DATA EXTRACT section start
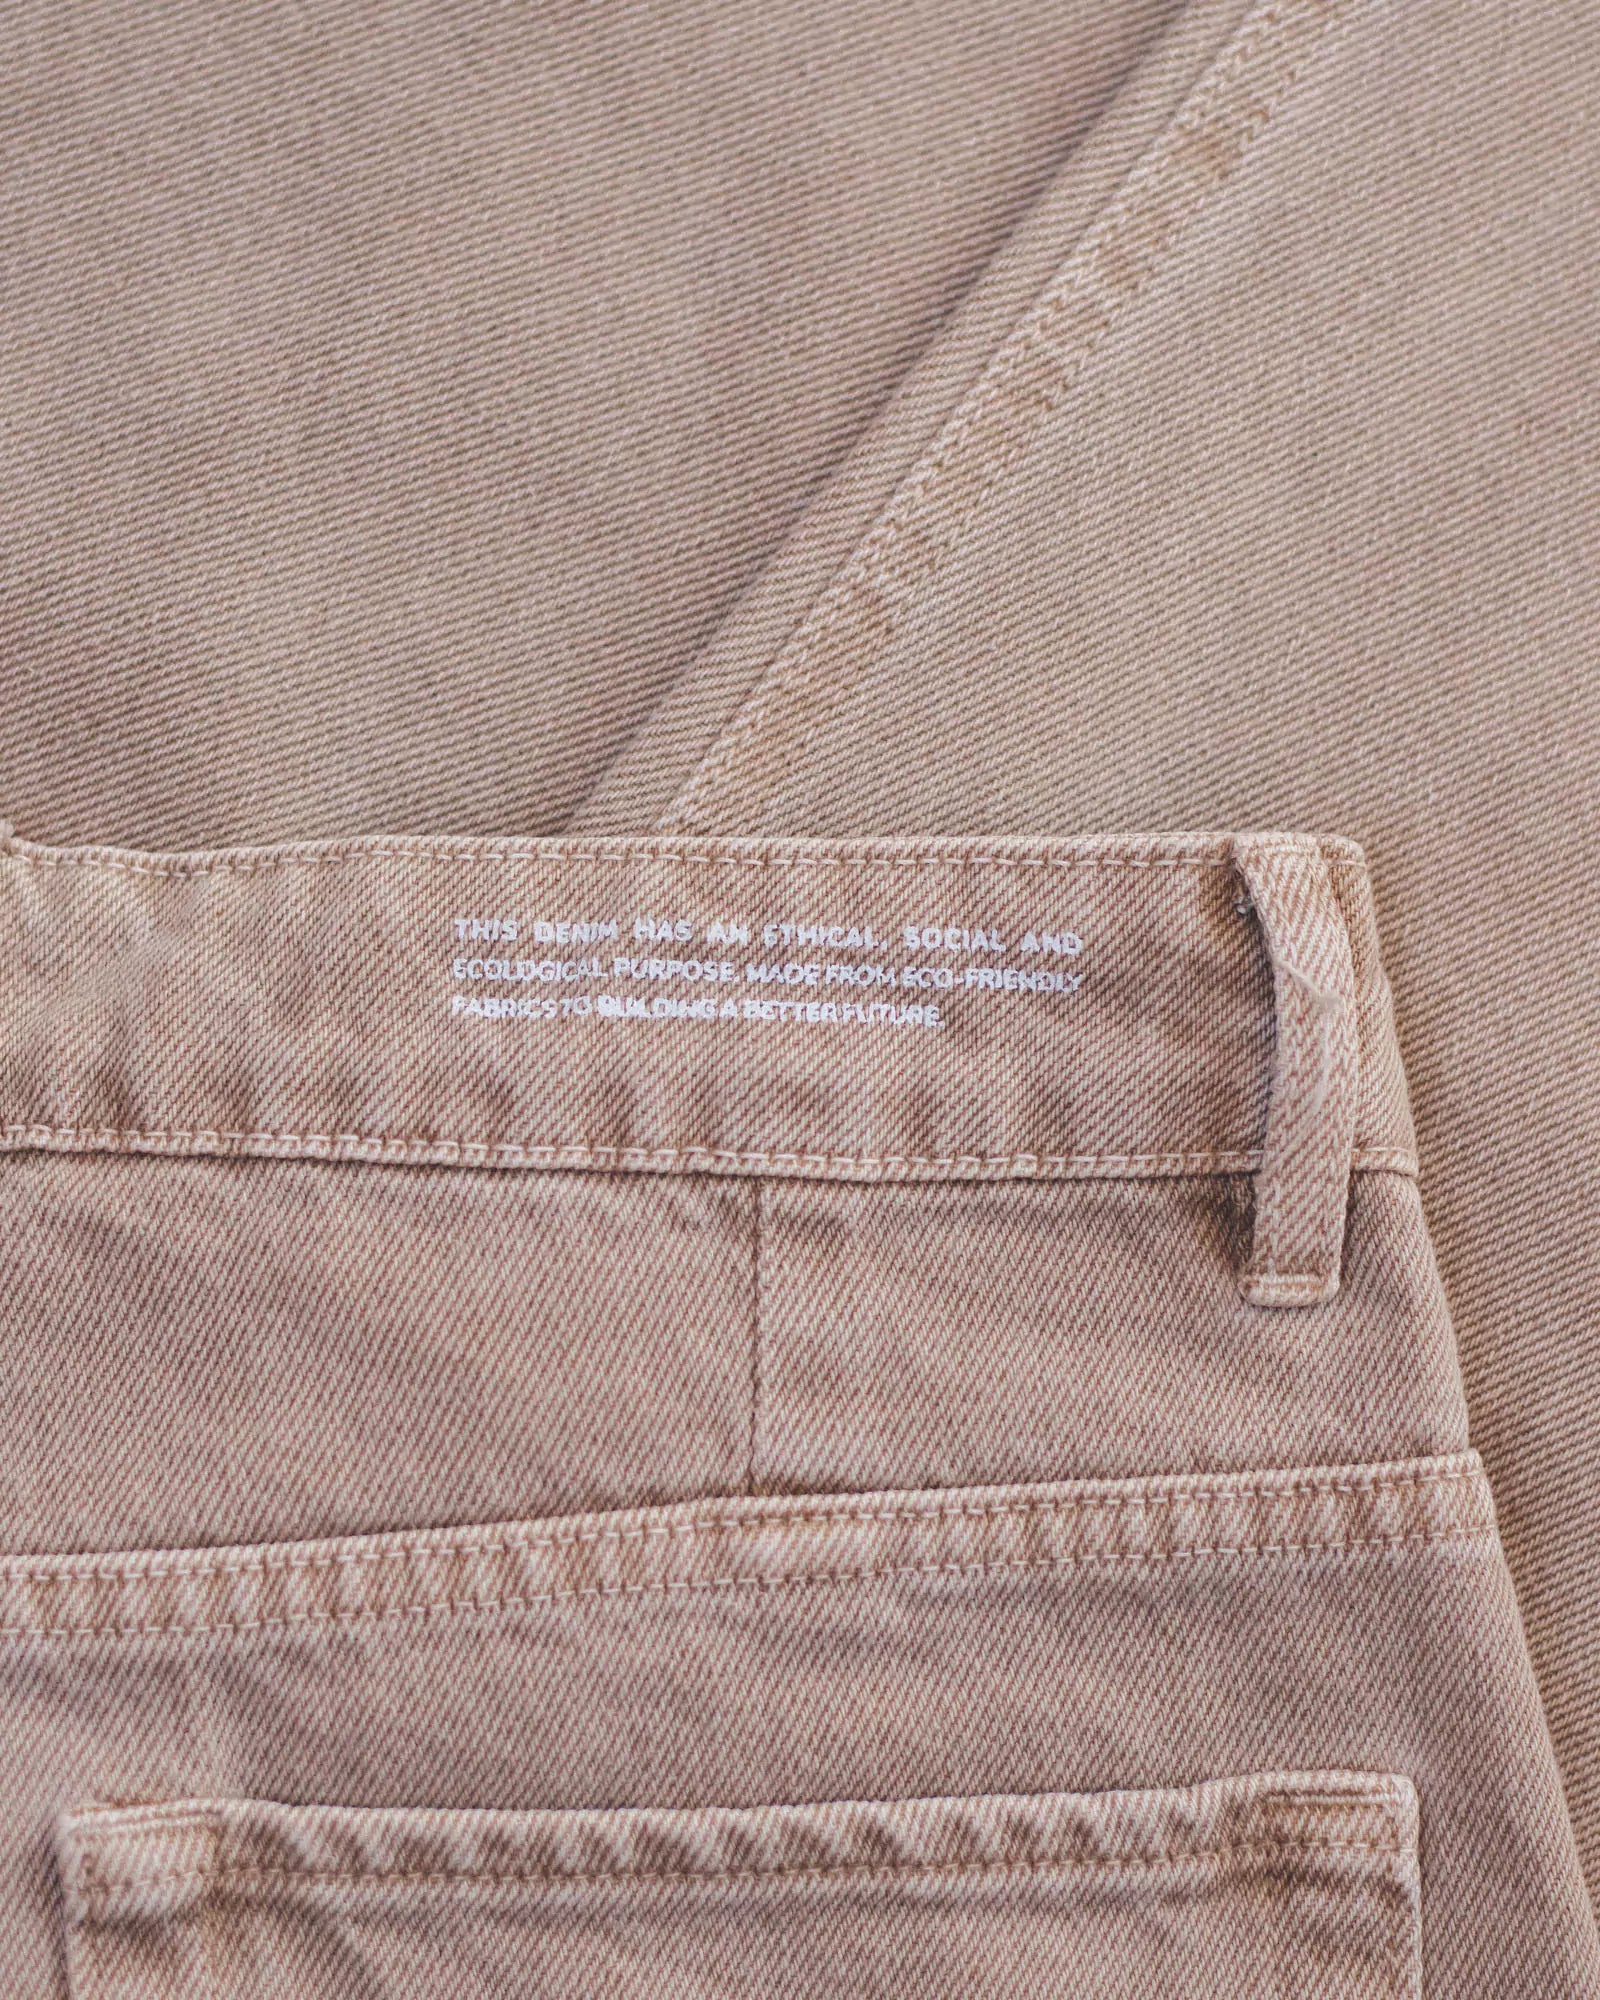 Calça Jeans Slouchy Marrom Claro Eco Denim™. Compre online moda sustentável e atemporal na Minimadeia. Roupas femininas estilosas, básicas e sustentáveis. Foto produto destaque
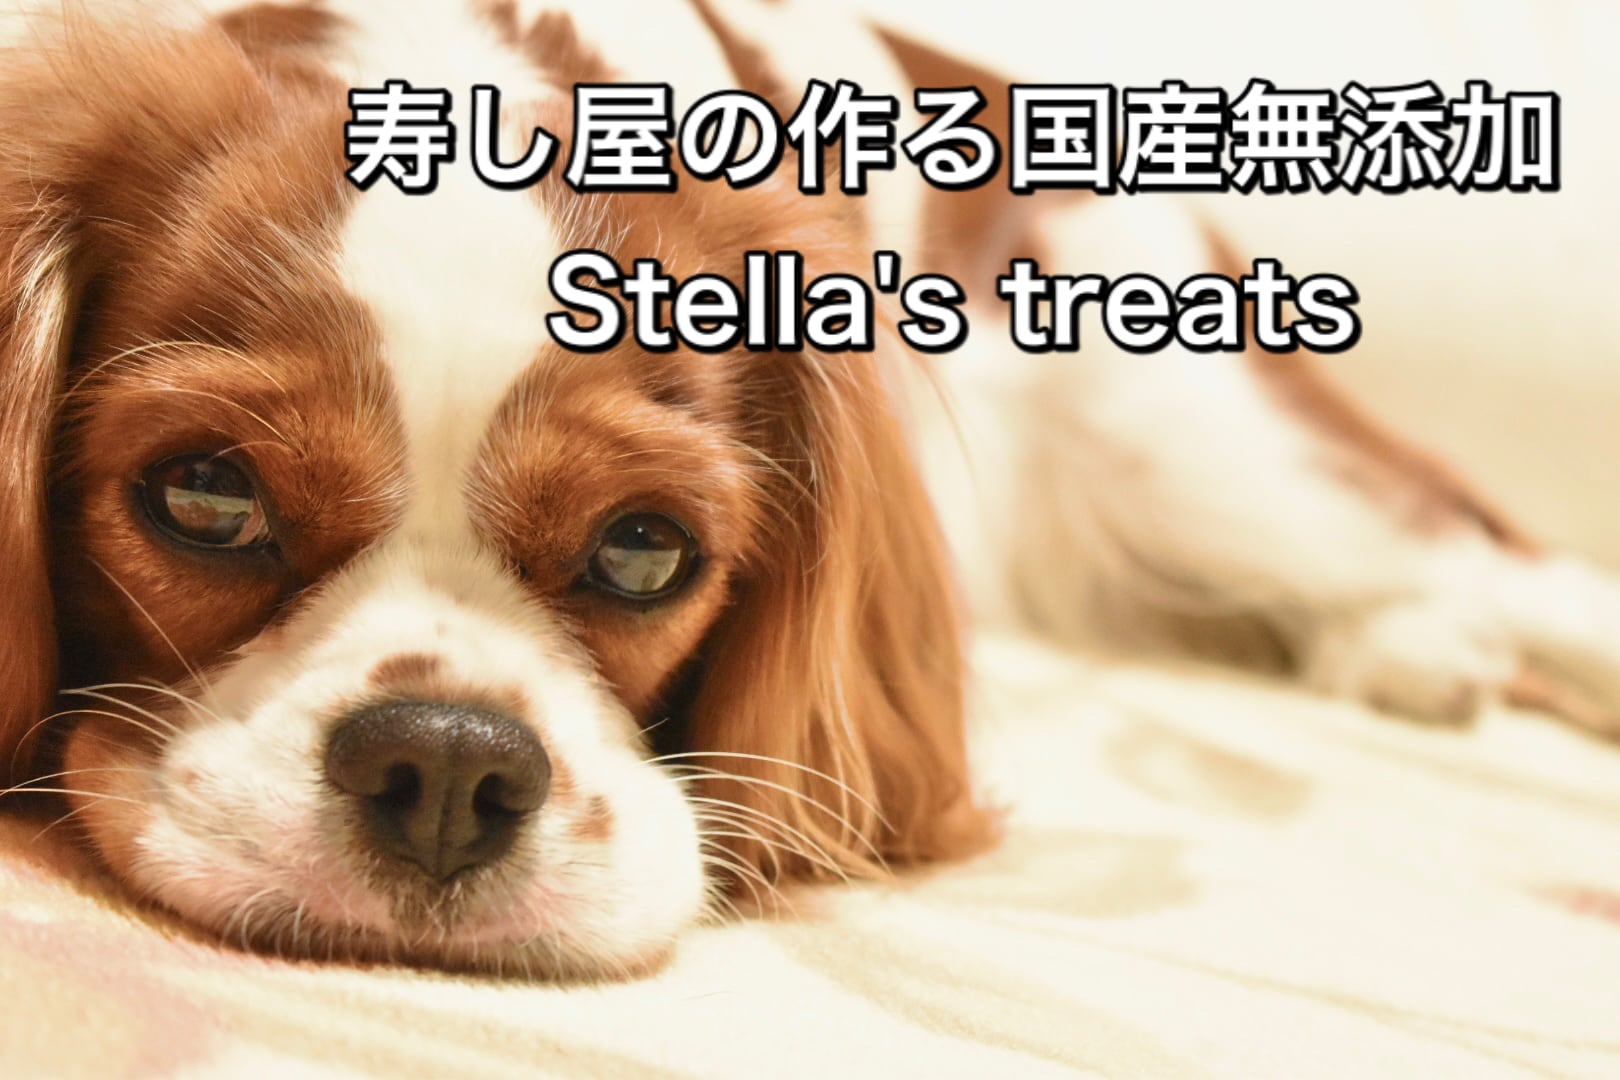 Stella's treats   ステラのおやつ
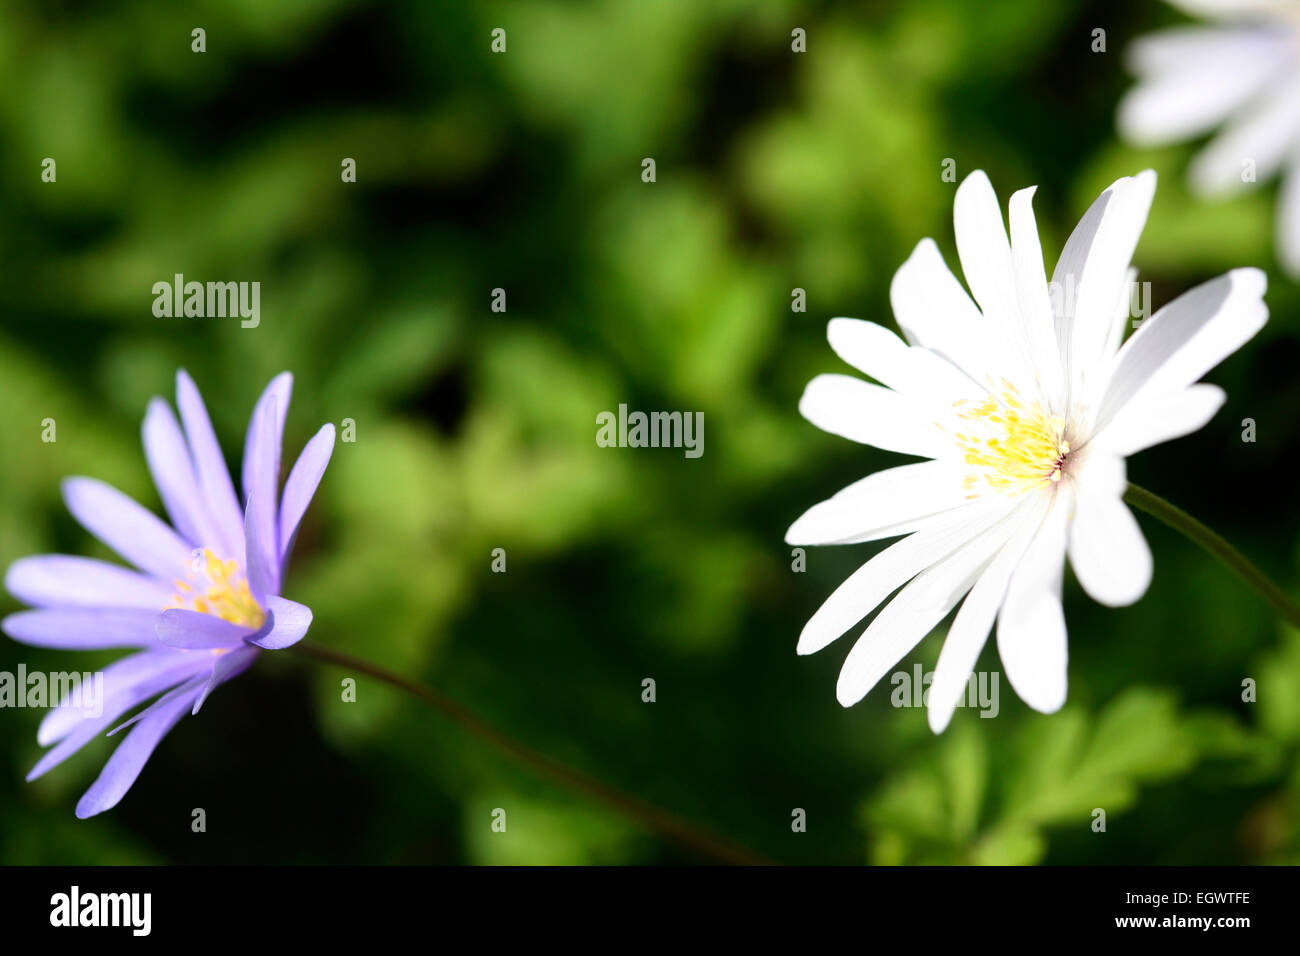 Frühe Blüte Anemone Apenninen weiß und blau, Blumen schöner Daisy-wie Frühling Jane Ann Butler Fotografie JABP740 Stockfoto
DATA EXTRACT section end
** ACTIVITY **
A word-for-word copy of all the data is required, minus the pictures.

** TASK RESPONSE **
 Calça Jeans Slouchy Marrom Claro Eco Denim™. Compre online moda sustentável e atemporal na Minimadeia. Roupas femininas estilosas, básicas e sustentáveis. Foto produto destaque
 Stella's treats   ステラのおやつ
 Frühe Blüte Anemone Apenninen weiß und blau, Blumen schöner Daisy-wie Frühling Jane Ann Butler Fotografie JABP740 Stockfoto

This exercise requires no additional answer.